Are we just mice trapped in a digital ‘Skinner Box’?

Yay… many thanks to Ben for mailing this awesome blog post from the O’Reilly Radar blog, by Jim Stodghill. Today is supposed to be the most depressing day of the year, so it’s time I finally tried to finish.

For nigh on two weeks now Jim’s post has freaked me out. I have wondered if I am a bit like this mouse. I certainly recognised some of my own obsessive digital behaviour in his  brilliantly written and moving account of life as a “digital stimulusaholic”. He describes being engulfed in a deep personal crisis, an addiction within which he feels utterly trapped. He talks of a cognitive biological barrier to our information processing powers. And the paradox of being infinitely distracted by infinite information. It’s pretty disturbing.

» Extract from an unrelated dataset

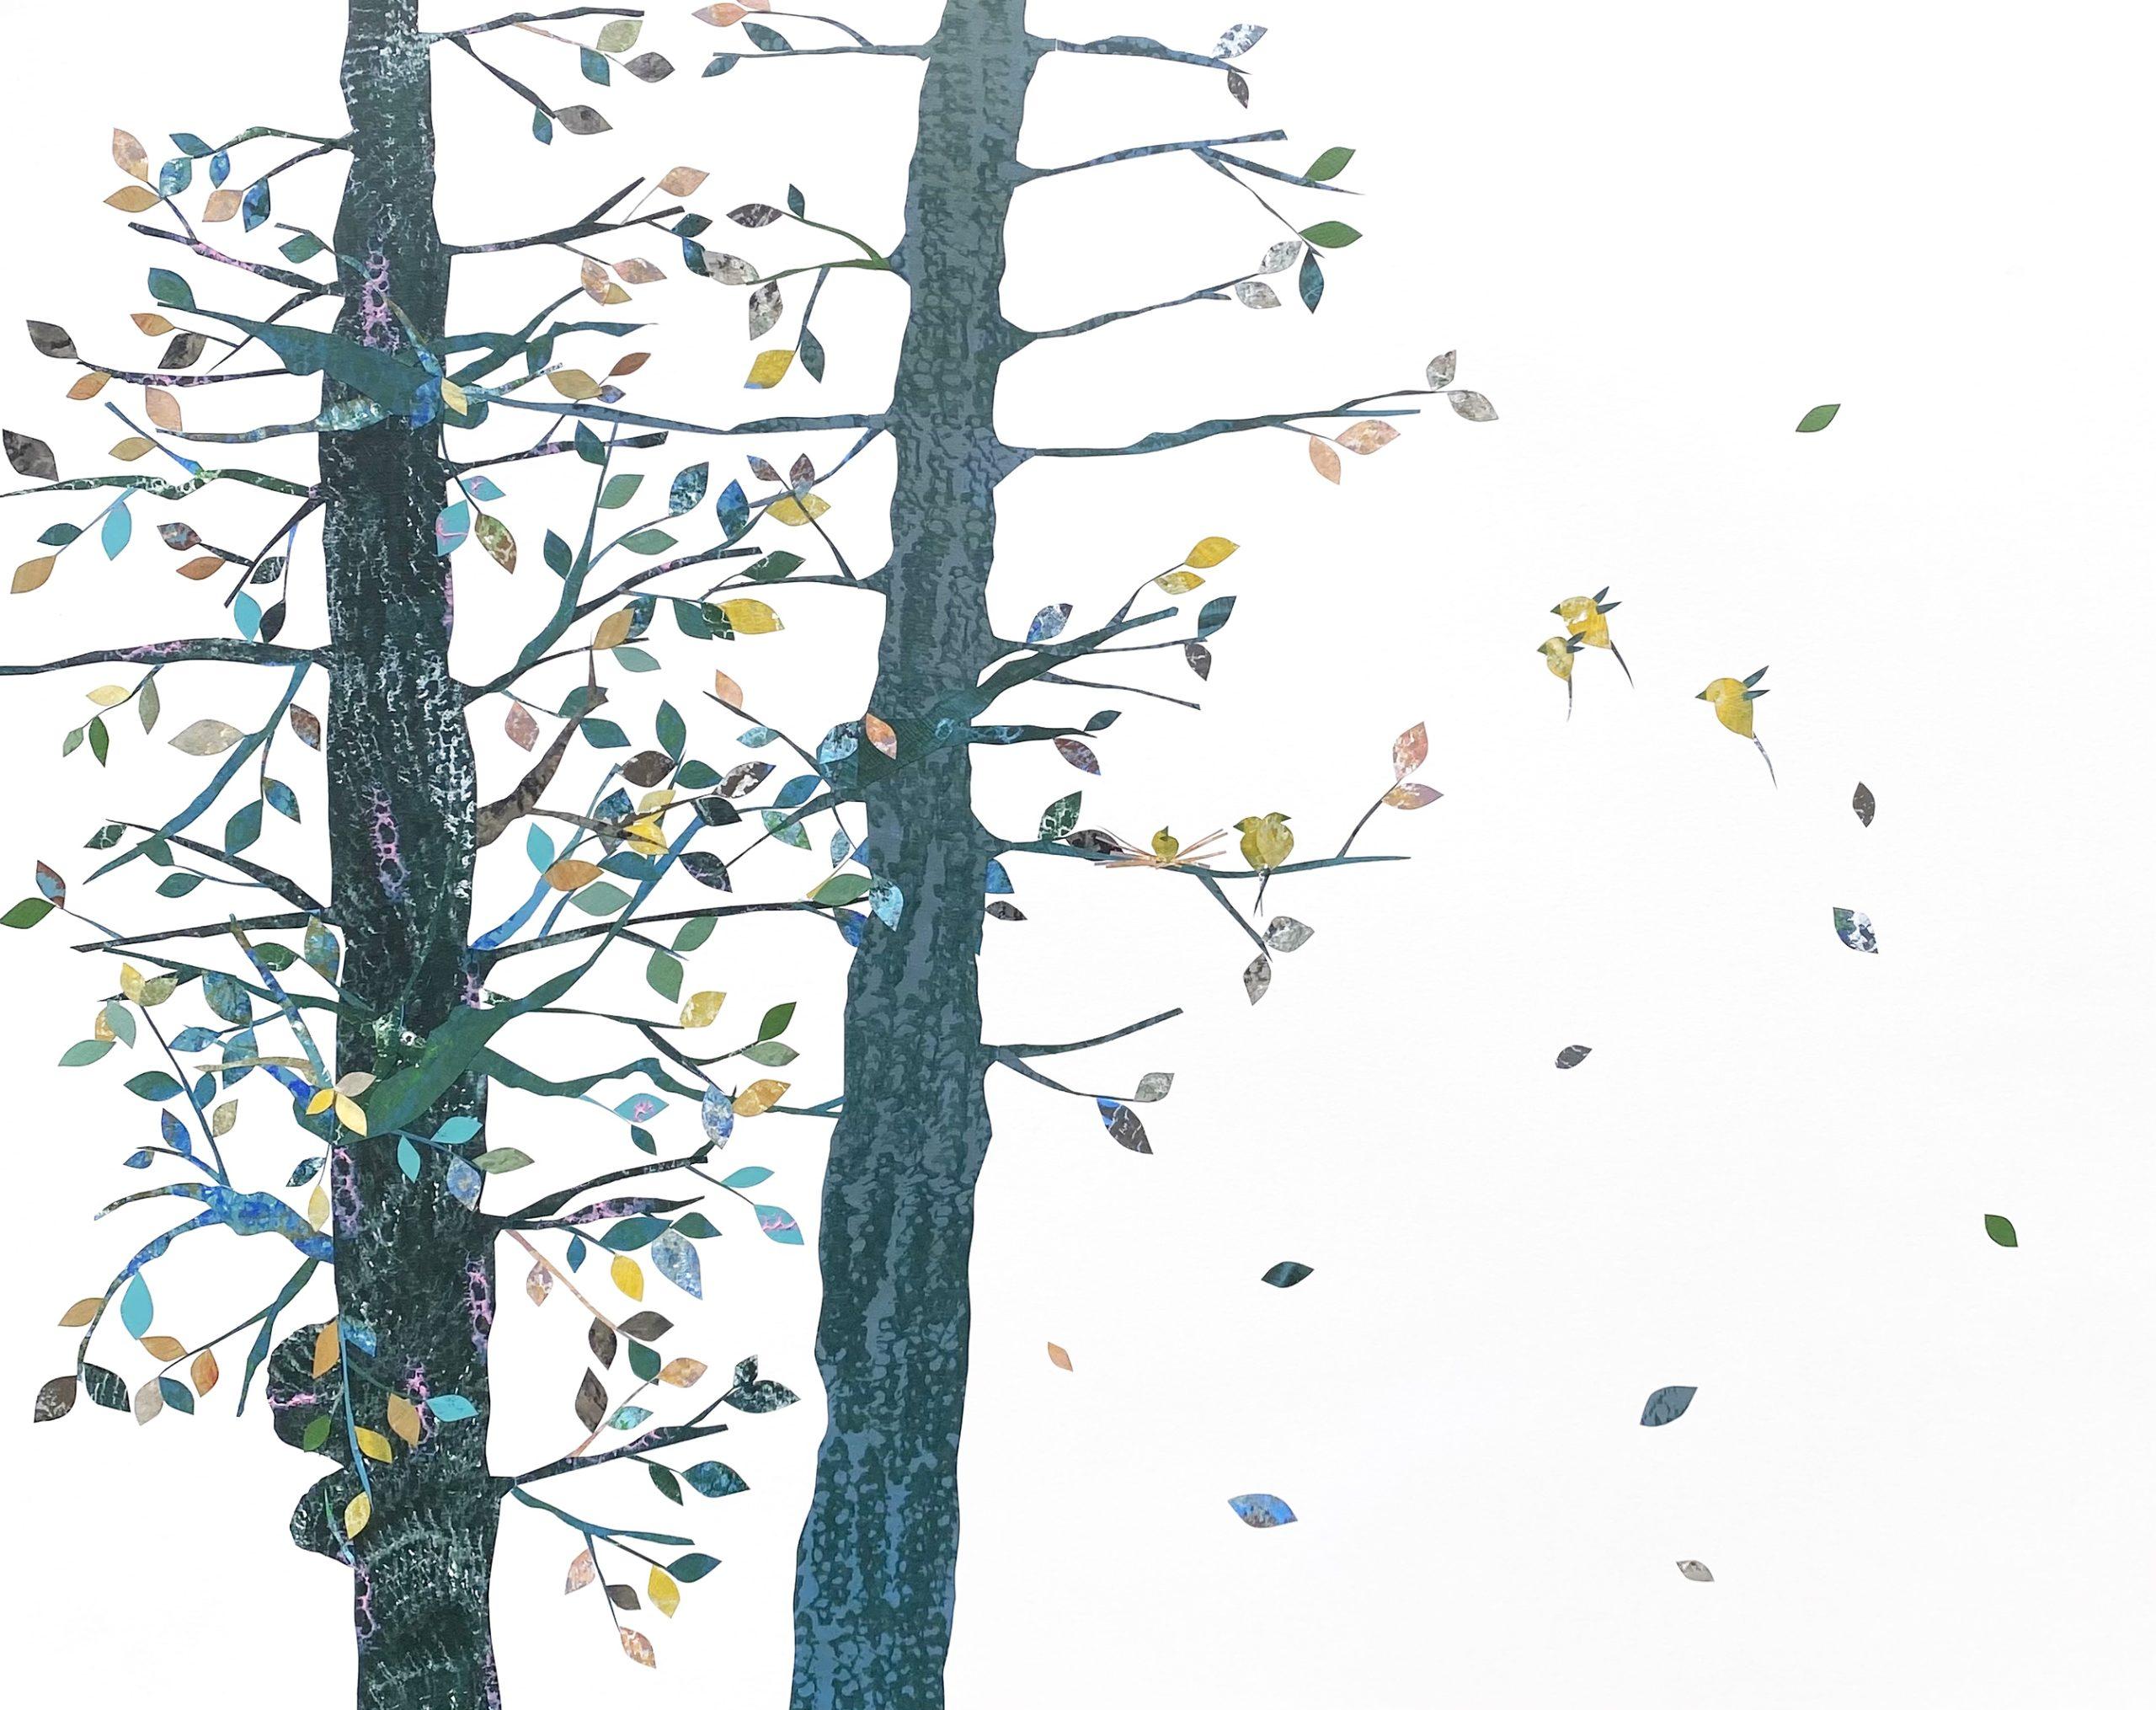 Figurative Painting Aster da Fonseca - Fledglings (Collage, Oiseaux, Paysage, arbres, Sarcelle, Bleu, Vert)

It’s even more worrying that this isn’t your average ’social-networking-and-Twitter-is-bad-for-you” rubbish. You can toss that sort of thing aside in a moment – but Jim is one of us. He a geek. He loves Twitter… a lot (actually that’s a big part of his problem). No, this is someone who’s done his time in the twenches. He’s a super-user, or more accurately a super-abuser. And yet it’s also massively entertaining – a bit like Trainspotting.

But hold on, what the heck is a Skinner Box?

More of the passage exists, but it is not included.